“不,你听我说完,”林寻打断她,语气急促但思路异常清晰,他必须尽快说服她,时间不等人,他们三人的状态都在持续下滑,“你之前的遭遇,是在毫无准备、完全被动的情况下,直接暴露在它无差别、全范围、最高强度的‘绝望共鸣’场中。就像一个人没有任何防护装备和训练,直接跳进了正在爆发海啸的、最深最冷的北大洋中心,瞬间溺水、失温、被压力撕碎是必然的结果。”
他眼中再次闪过微弱但有序的数据流般的光芒,显然正在艰难地调用系统中尚未完全崩溃的逻辑处理和信息过滤模块的残存功能,支撑着他的分析和构想:“但我们现在不同了!我们有了一个新的‘模型’,我们知道了它可能的内部结构——坚硬、攻击性的‘怨恨外壳’,保护着脆弱、核心的‘思念内核’。我们需要设计一种方法,不是让你在外层与无边无际的‘怨恨海水’搏斗,而是让你能相对安全地‘下潜’,穿过外壳的‘缝隙’或‘薄弱点’(那些人性声音出现的地方可能就是),去接触、探查内核的情况。”

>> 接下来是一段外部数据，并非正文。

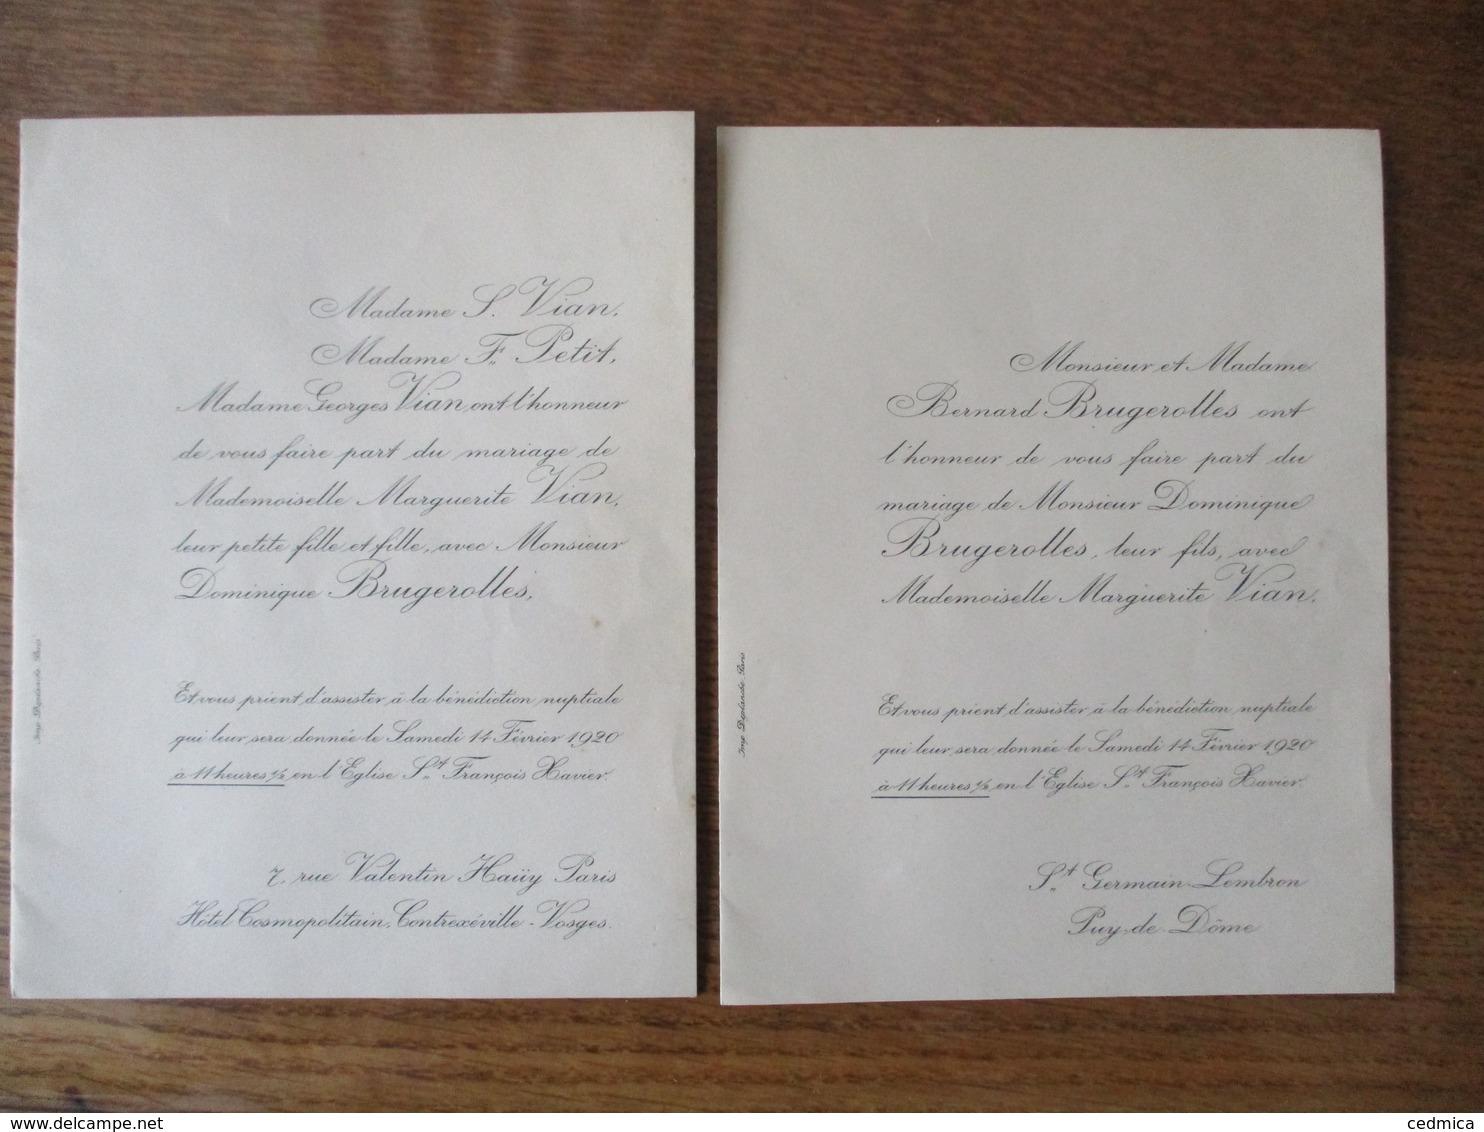 14 FEVRIER 1920 EGLISE St FRANCOIS XAVIER MADEMOISELLE MARGUERITE VIAN ET MONSIEUR DOMINIQUE BRUGEROLLES - Mariage

他看向库奥特里,这位沉默如山的战士眼神坚毅,胸膛微微起伏,显然已经从林寻的话语中明白了自己需要扮演的新角色,并开始调整自身的力量状态。“库奥特里,”林寻沉声道,“你的图腾之力,源自你古老部族的信仰、与大地山川的连接以及世代传承的守护意志。它凝练、纯粹、坚韧不拔,更重要的是,它内在承载的是一种‘守护’的‘概念’和‘誓言’。我需要你,彻底转变力量的运用方式。不再将图腾之力用于构建抵挡外部‘攻击’的能量壁垒——那仍然是基于‘对抗’思维的模式,会被‘外壳’识别。我需要你,将你全部的力量、意志、精神,向内收敛、凝聚,形成一个纯粹的、稳固的、概念性的‘意志锚点’或‘心神守护领域’,以苏晴晴为核心展开。”

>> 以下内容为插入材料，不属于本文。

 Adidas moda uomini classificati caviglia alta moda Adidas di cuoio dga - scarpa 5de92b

他详细阐述着这个构想,尽可能使其具体化:“这个‘守护领域’的主要目的,不是去防御或抵消外部的精神污染和绝望冲击——我们之前试过,你的图腾壁垒虽然强大,但对这种无孔不入、规则层面的‘共鸣’渗透效果有限。它的核心功能,在于‘稳定’和‘隔绝干扰’。就像一个为深海潜水员设计的、能够抵抗巨大水压、提供稳定呼吸环境的‘潜水钟’。”

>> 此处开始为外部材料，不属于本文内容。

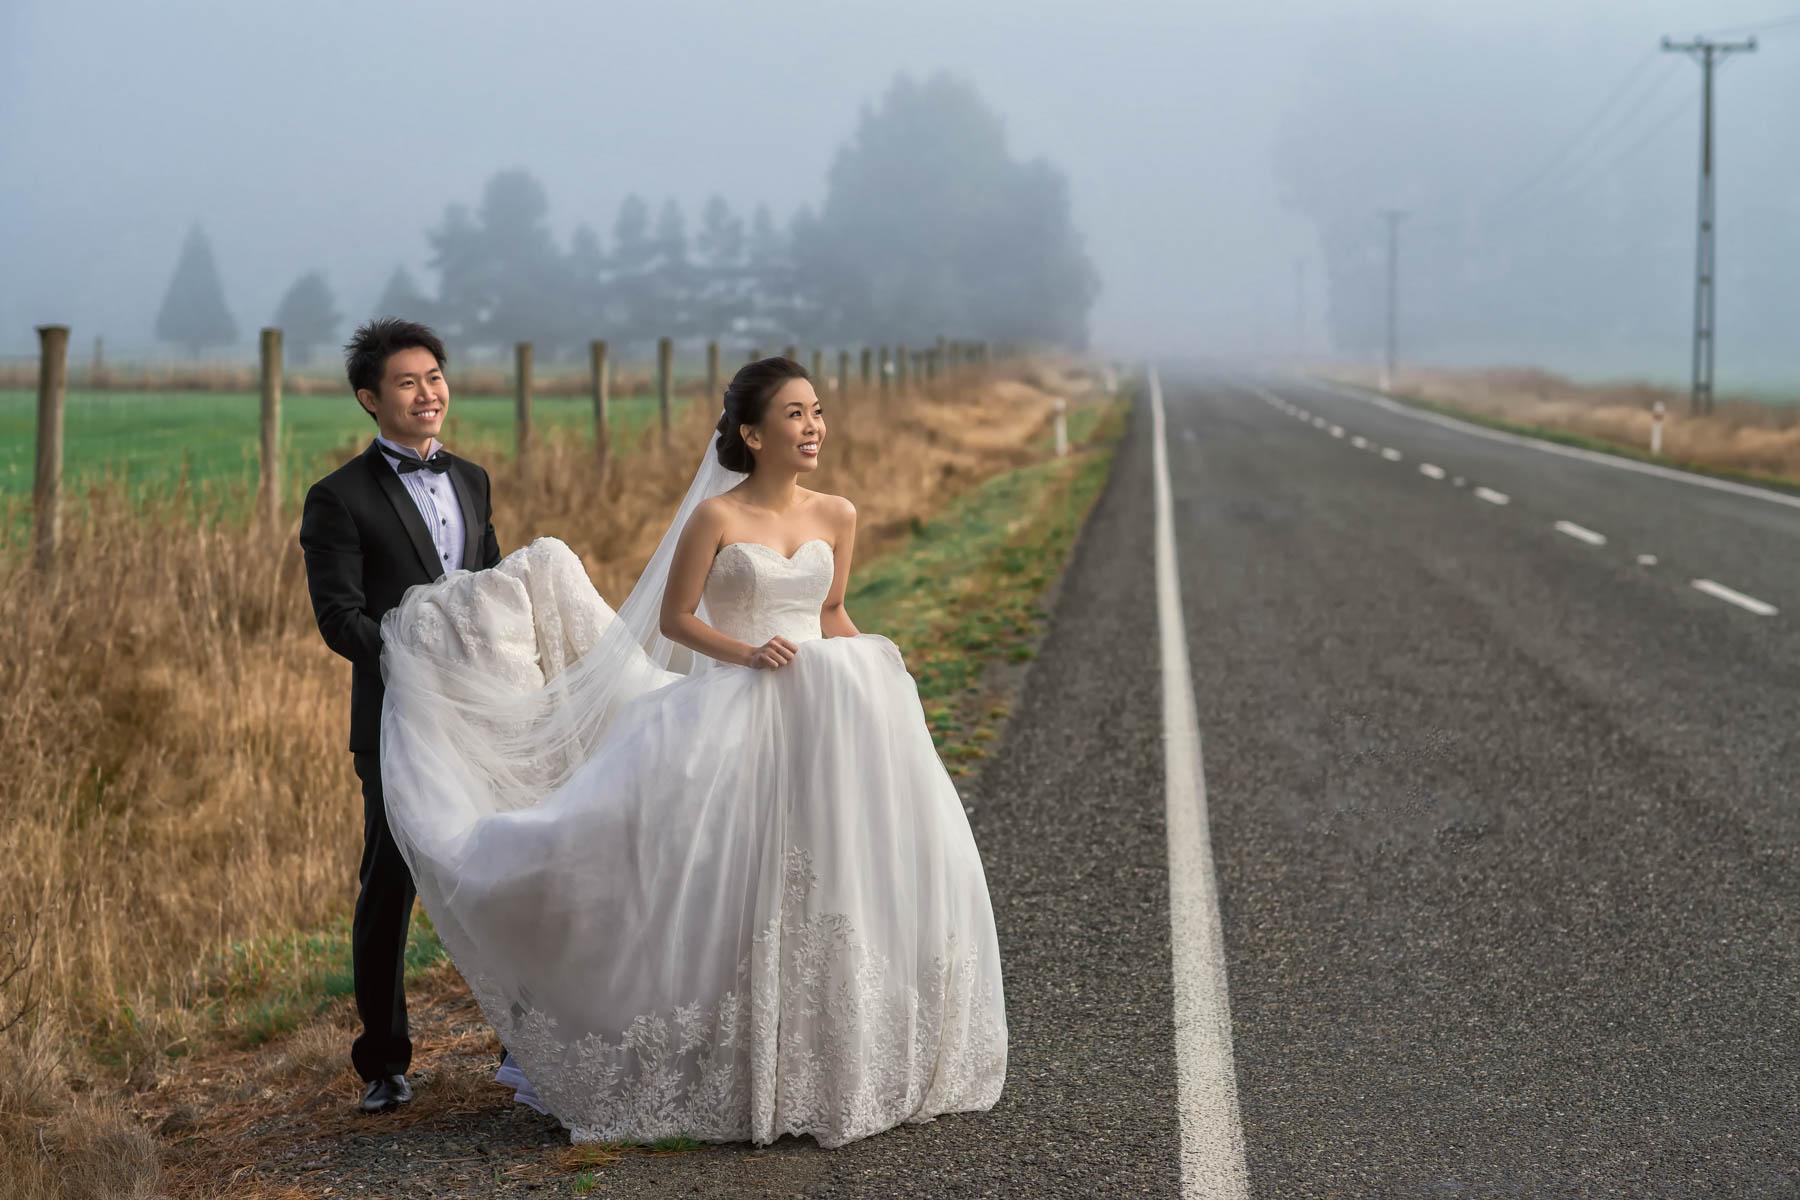 Prewedding_photoshoot_nz2.jpg

林寻的目光仿佛能看透库奥特里体内奔流的力量:“你的意志,要成为苏晴晴意识海洋中最坚固的‘定海神针’和‘灯塔基座’。确保她在主动放开共情能力、深入接触那些极端负面、混乱的记忆和情绪时,她的‘自我意识’核心不会动摇、不会迷失、不会忘记自己是谁、为何而来、最终要返回何处。你的图腾烙印,要为她标记出一条清晰的、不容置疑的‘归航路径’和‘坐标’。无论她的意识在那些记忆碎片和情绪洪流中漂泊多远、看到了多么可怕的景象、感受到了多么深刻的痛苦,只要她还能感知到你这个‘锚点’的存在,她就有机会、有路标能够挣扎着返回‘当下’的现实,返回她‘苏晴晴’这个完整的身份认同。这需要你极致的专注、钢铁般的意志力,以及对自身力量最精微的掌控。你不是在与外部的绝望浪潮对抗,而是在向内构筑一座绝对稳固、不可摧毁的‘精神灯塔’,只为指引一人归航。”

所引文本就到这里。